The recent Treasury Legislation Amendment (Small Business and Unfair Contract Terms) Act 2015 extends unfair contract protections from individual consumers to now include small businesses.
The legislation is designed to address the perception of vulnerability for some small businesses in their commercial dealings with larger counterparties.
Details of legislative changes
In relation to standard form contracts (including financial services contracts) the changes to the legislation apply when:
- at least one party to the contract is a small business (i.e. business employing fewer than 20 people)
- the upfront price payable under the contract is less than $300,000 or $1,000,000 if the duration of the contract is more than 12 months
- the contract is for a supply of goods or services, or a sale or grant of an interest in land
The importance of unfair contract protections
In general terms, small businesses may have very little leeway or power to negotiate terms when dealing with standard form contracts with larger businesses. Often entry into these types of contracts is offered on a ‘take it, or leave it’ basis. However, this legislation now provides some protection in favour of small businesses such that unfair terms may not be enforceable against them.
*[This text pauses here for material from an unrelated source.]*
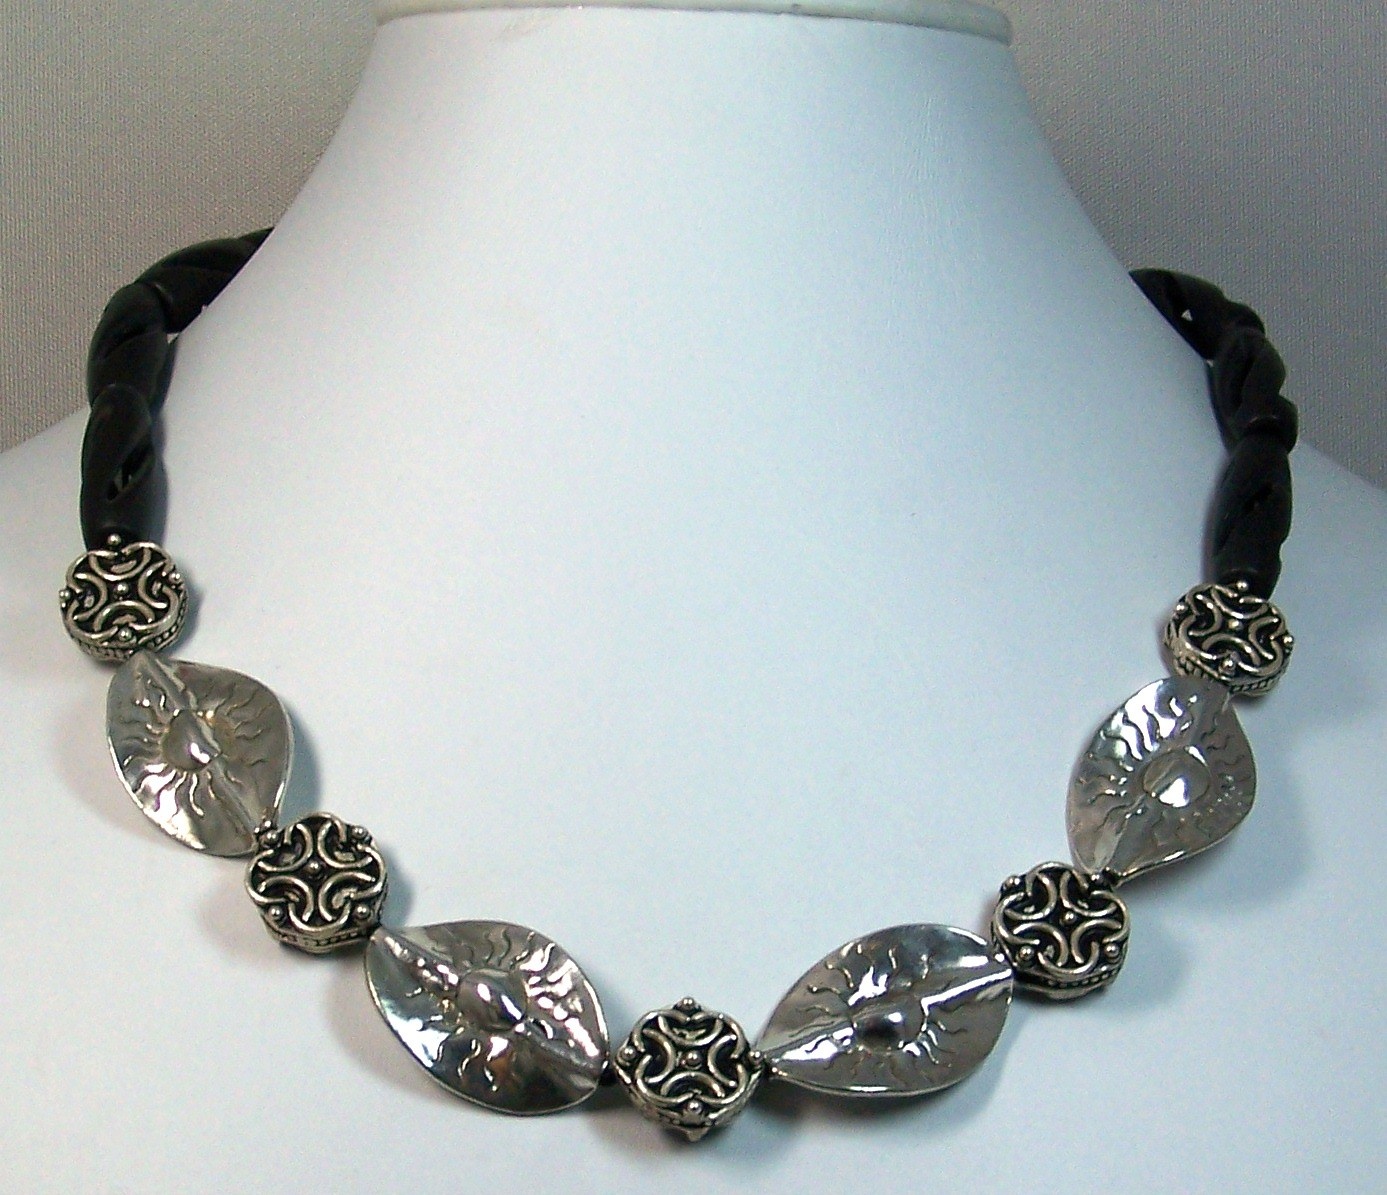 Necklace of sterling silver leaves separated by filigree silver beads , finished with twisted black stone beads

Under the Australian Consumer Law, a term is considered unfair if it:
- “would cause a significant imbalance in the parties’ rights and obligations, arising under the contract”;
- “is not reasonably necessary in order to protect the legitimate interests of the party who would be advantaged by the term”; and
- “would cause detriment (whether financial or otherwise) to a party, if it were to be applied or relied on” (refer s 24 Australian Consumer Law).
But what deems a term unfair? To make the determination, the court takes the whole contract into account and including whether the particular clause is ‘transparent’ – ie: in easy-to-understand English, legible and clear and readily available.
Understanding who the extension of the laws apply to
The legislative changes are applicable to:
- any contracts entered into on or after 12 November 2016;
- applicable contracts renewed on or after 12 November 2016 – for conduct after that date; and
- a term of an applicable contract which is varied on or after 12 November 2016 – for that term.
It’s important to note that laws will not apply to a pre-existing contract that is assigned on or after 12 November 2016, unless the incoming party enters into a new contract.
The consequences of a contract with unfair terms
The main ramification of determining that a term in a standard contract is unfair is that the term will be void.
However, the remainder of the contract will continue to bind the parties if the contract is able to operate without the unfair term.
If a term is found to be unfair by a court, there may be a range of orders made. These include:
- varying the contract;
- declaring part or all of the contract to be void; or
- a court refusing to enforce some or all of the terms of a contract.
The new legislation means that businesses dealing with small businesses (and small businesses themselves) should be mindful of potentially unfair provisions in their contracts and update them where appropriate to ensure enforceability.
Note: This insight contains commentary for general reference purposes only. It does not constitute legal advice and should not be relied on for any purpose. You should always seek specific legal advice based on your own individual circumstances.